In a narrow pass
Derek Hirst
- A Spark in the Ashes: The Pamphlets of John Warr edited by Stephen Sedley and Lawrence Kaplan
Verso, 116 pp, £9.95, October 1992, ISBN 0 86091 599 9
Stephen Sedley and Lawrence Kaplan seek to map a new course for the post-socialist Left, and to turn attention away from that beguiling but now exploded theme, egalitarianism. The long fixation with egalitarianism has, they complain, allowed the Right today to ‘appropriate the word liberty and equate it with the acquisition of power’; and the phenomenon of Thatcherism would certainly bear them out. To enable a redirected Left to know itself, they have edited the eloquent works of a pre-socialist exponent of liberty, John Warr, who in the months around the execution of Charles I in January 1649 urged sweeping legal and political reforms. In Warr’s eyes, ‘liberty was the antithesis of power,’ not of property as Winstanley the Digger might have maintained: ‘it represented both the restraint of the mighty by the law and a people’s right to overthrow rulers who abused their power.’
Letters
Vol. 14 No. 23 · 3 December 1992
From Stephen Sedley
I am not permitted to respond to Derek Hirst’s personal remarks about my judicial doppelgänger (LRB, 19 November), but I wish to say something about his suggestion that my co-editor and I have tinkered with the evidence in our edition of John Warr’s pamphlets, A Spark in the Ashes.
As the introduction makes clear, we have transcribed Warr into modern orthography for ease of reading. It was a careful editorial choice to keep Warr’s capitals for ‘the Everlasting Gospel’. To say that we have done it ‘with no explanation or even announcement’ is a bit silly, since anyone can see the capitals and the explanation is set out at length in the introduction. It is correspondingly untrue to say that with this one exception we ‘modernise and lower-case throughout’, as a flick through the book will show. We use capitals wherever we think a modern writer would.

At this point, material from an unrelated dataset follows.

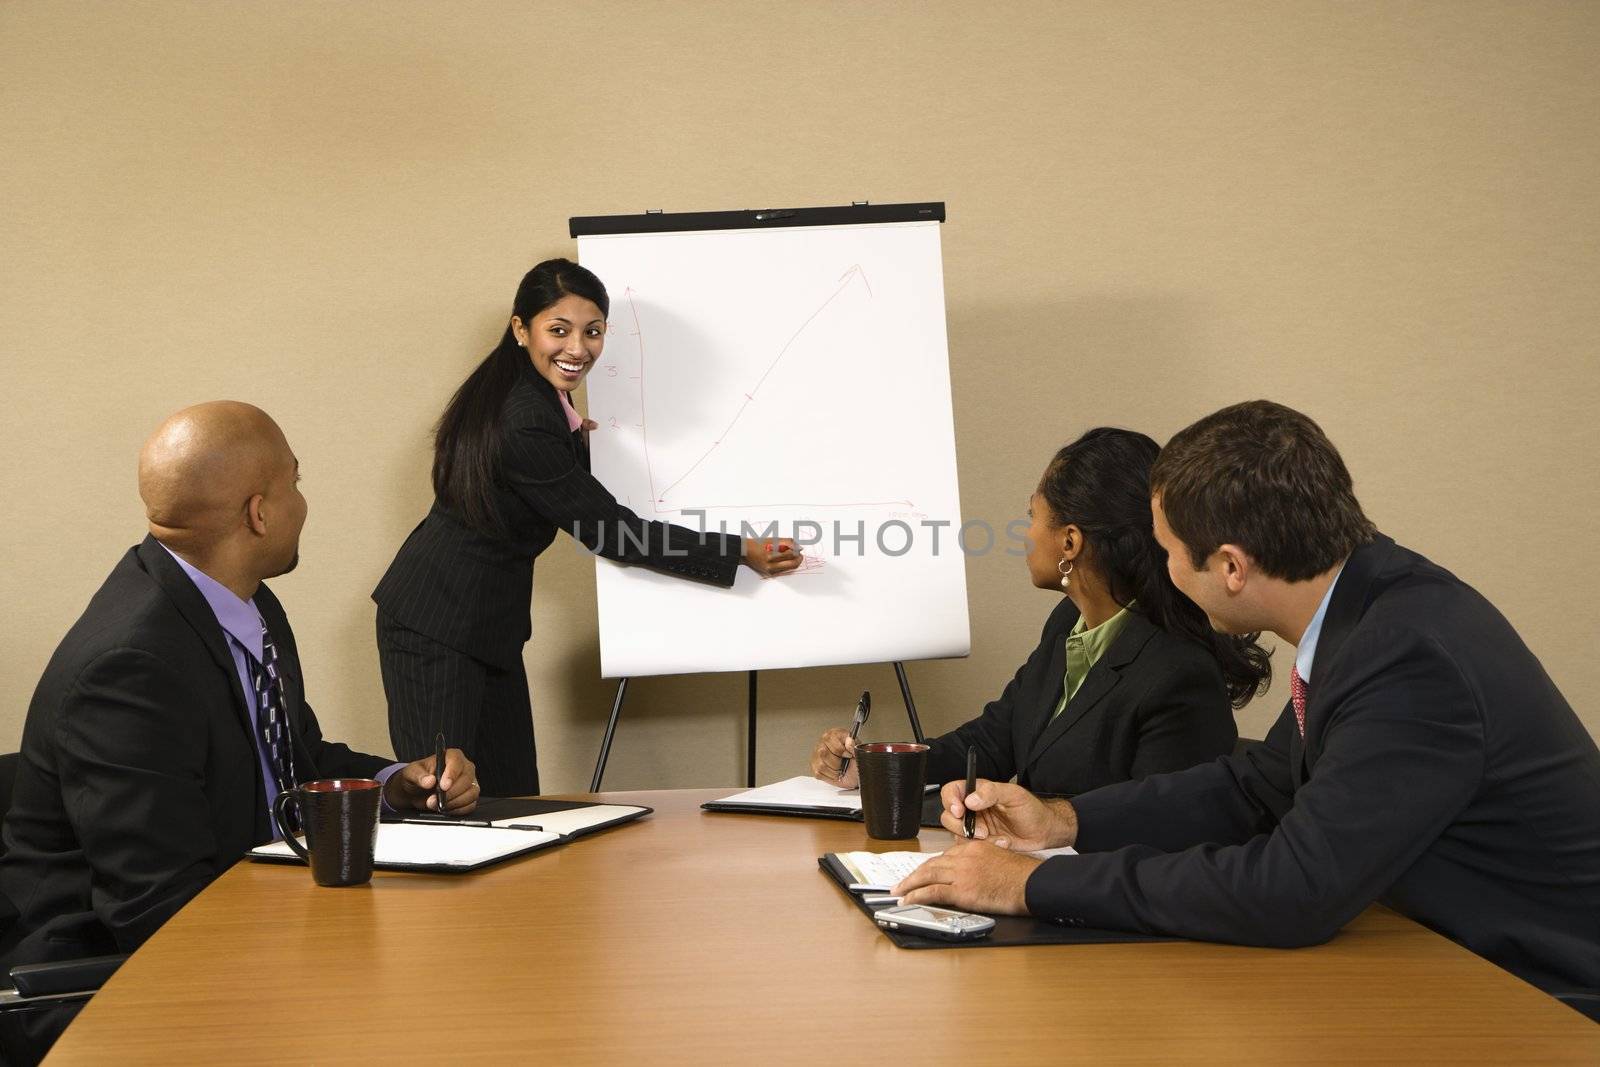 Businesspeople sitting at conference table smiling while businesswoman gives presentation.
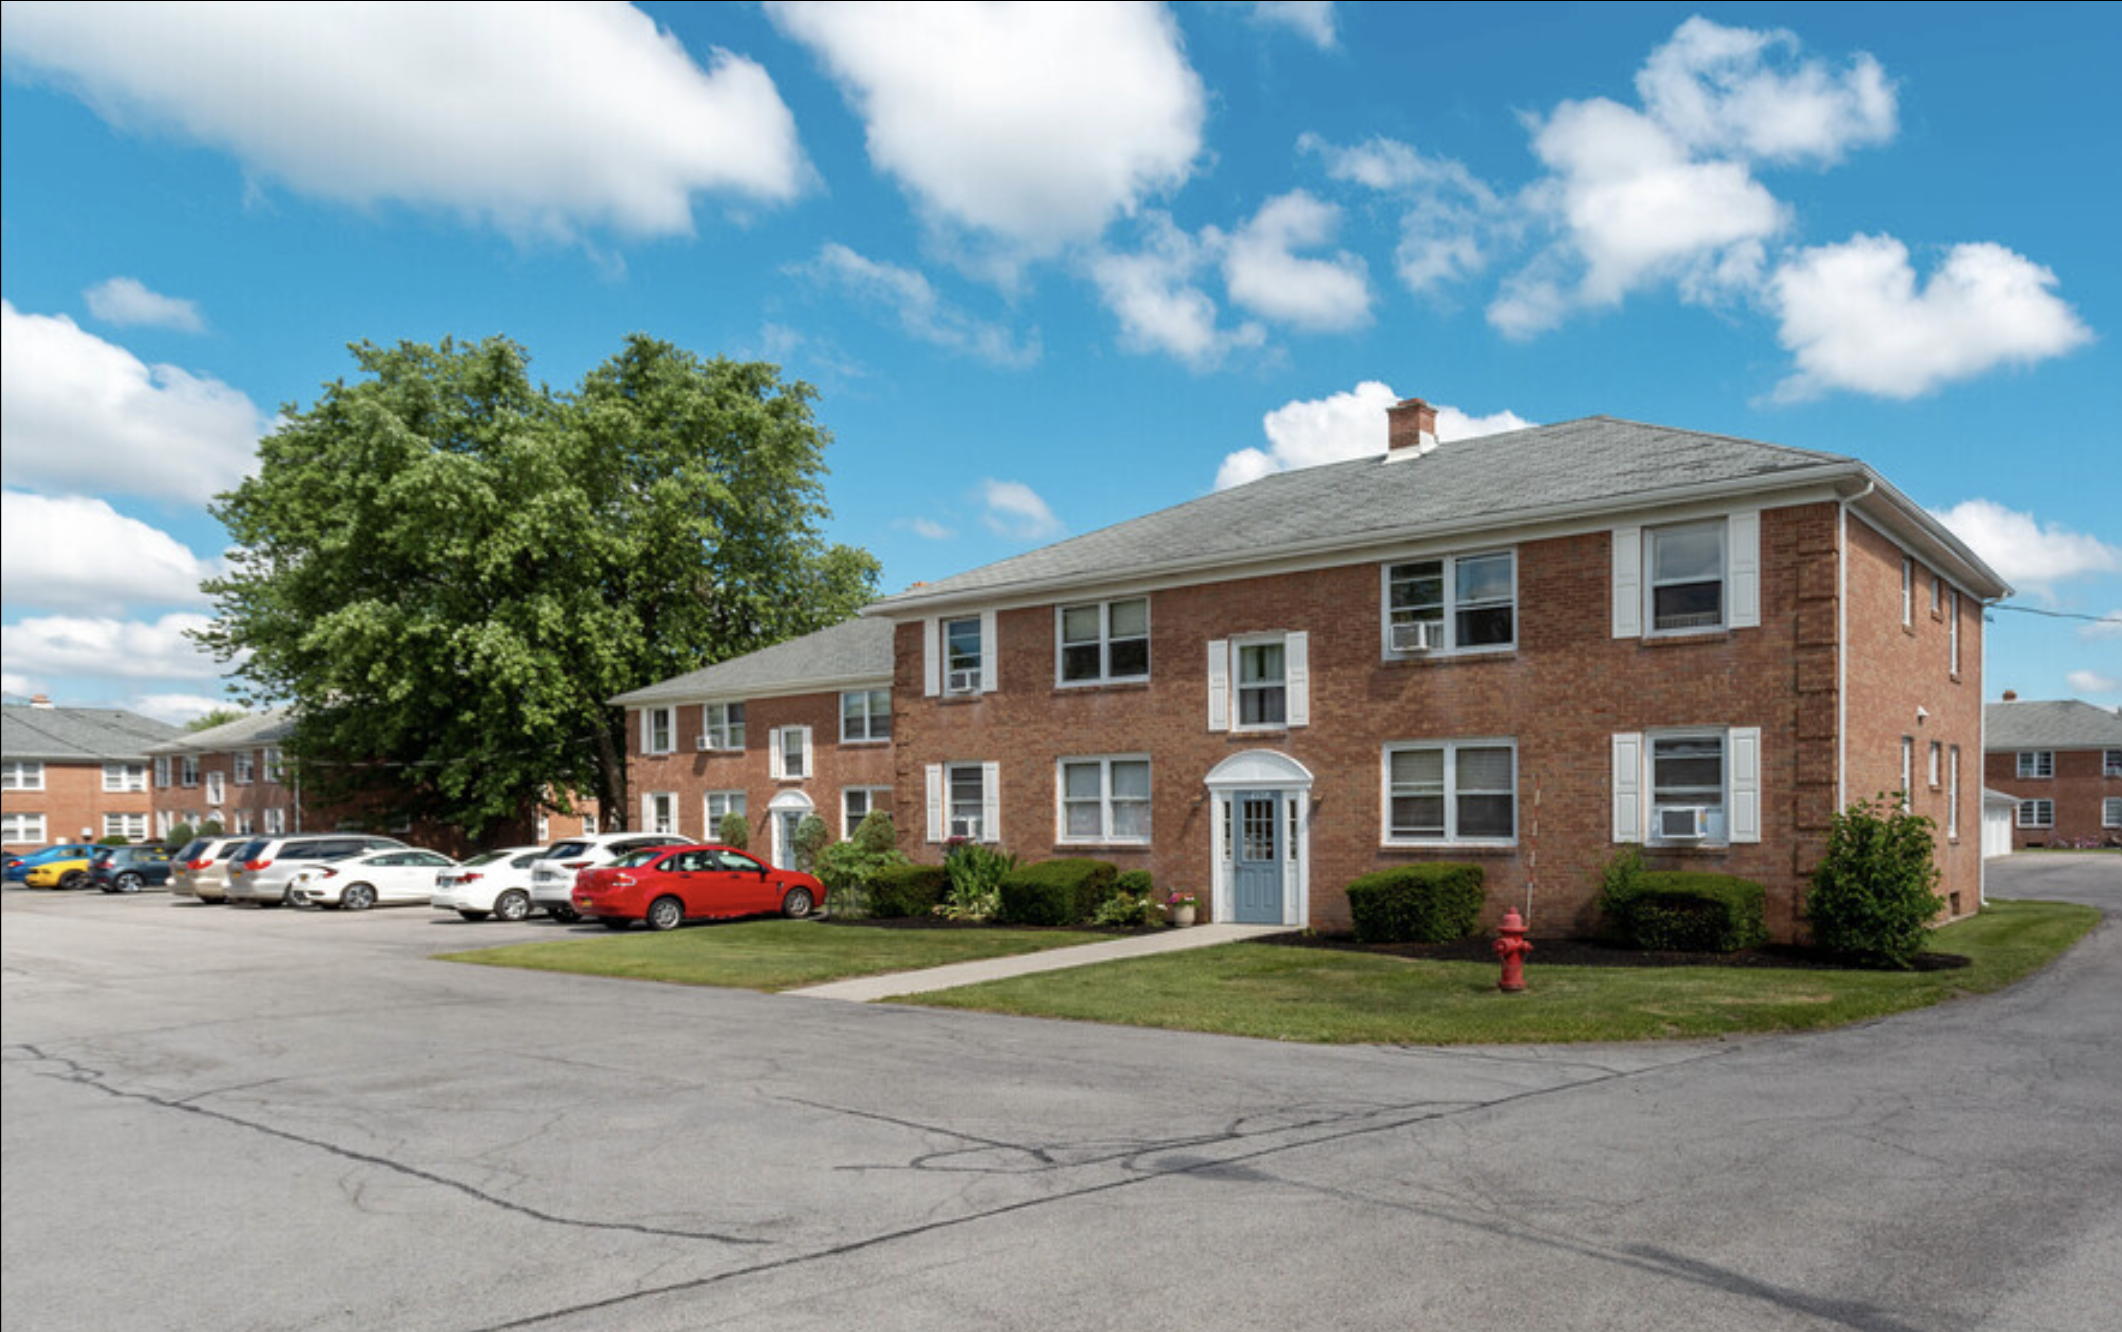 Drexel Hill Apartment Complex in Williamsville, NY

That the radical millenarian heresy of the Everlasting Gospel was espoused by Warr is, we think, clear from the text (which Professor Hirst, who bases his critique on the premise that Warr or his printer was ‘liberal in the use of capitalisation, for nouns and modifiers alike’, may not have seen in its original form). The two key passages of ‘Administrations Civil and Spiritual’ – the second passage being the pamphlet’s concluding words – read in the original:
Within this Vail are many Secrets, which the fleshly Birth, or the man of Form, neither understands himself, nor can bear in others; for here is hid the Everlasting Gospel, and the spiritual man converses with all the mysteries contained therein.
A particular View of all these, and other secrets of this state (being all parts pf the Everlasting Gospel, not circumscribed in word or letter, but bearing an equal latitude with the essential Will, of which it is the Image,) may be discoursed of distinctly, if the Lord will, another time.
The introduction sets out our reasons for thinking that Warr was referring in these passages to something known and particular, not simply to some inchoate body of doctrine. If Derek Hirst thinks otherwise, it would be courteous to give some reasons rather than resort to the cheap charge that the editors ‘slant their editing to make their point’. A decision to substitute lower-case initials would have been just as much a ‘slant’, but one that Derek Hirst happened to approve of.
Whether you are an advocate or a disinterested scholar (to quote Hirst’s interesting dichotomy), a writer or a reviewer, impugning the standards of people you happen to disagree with is not a good advertisement for your own position.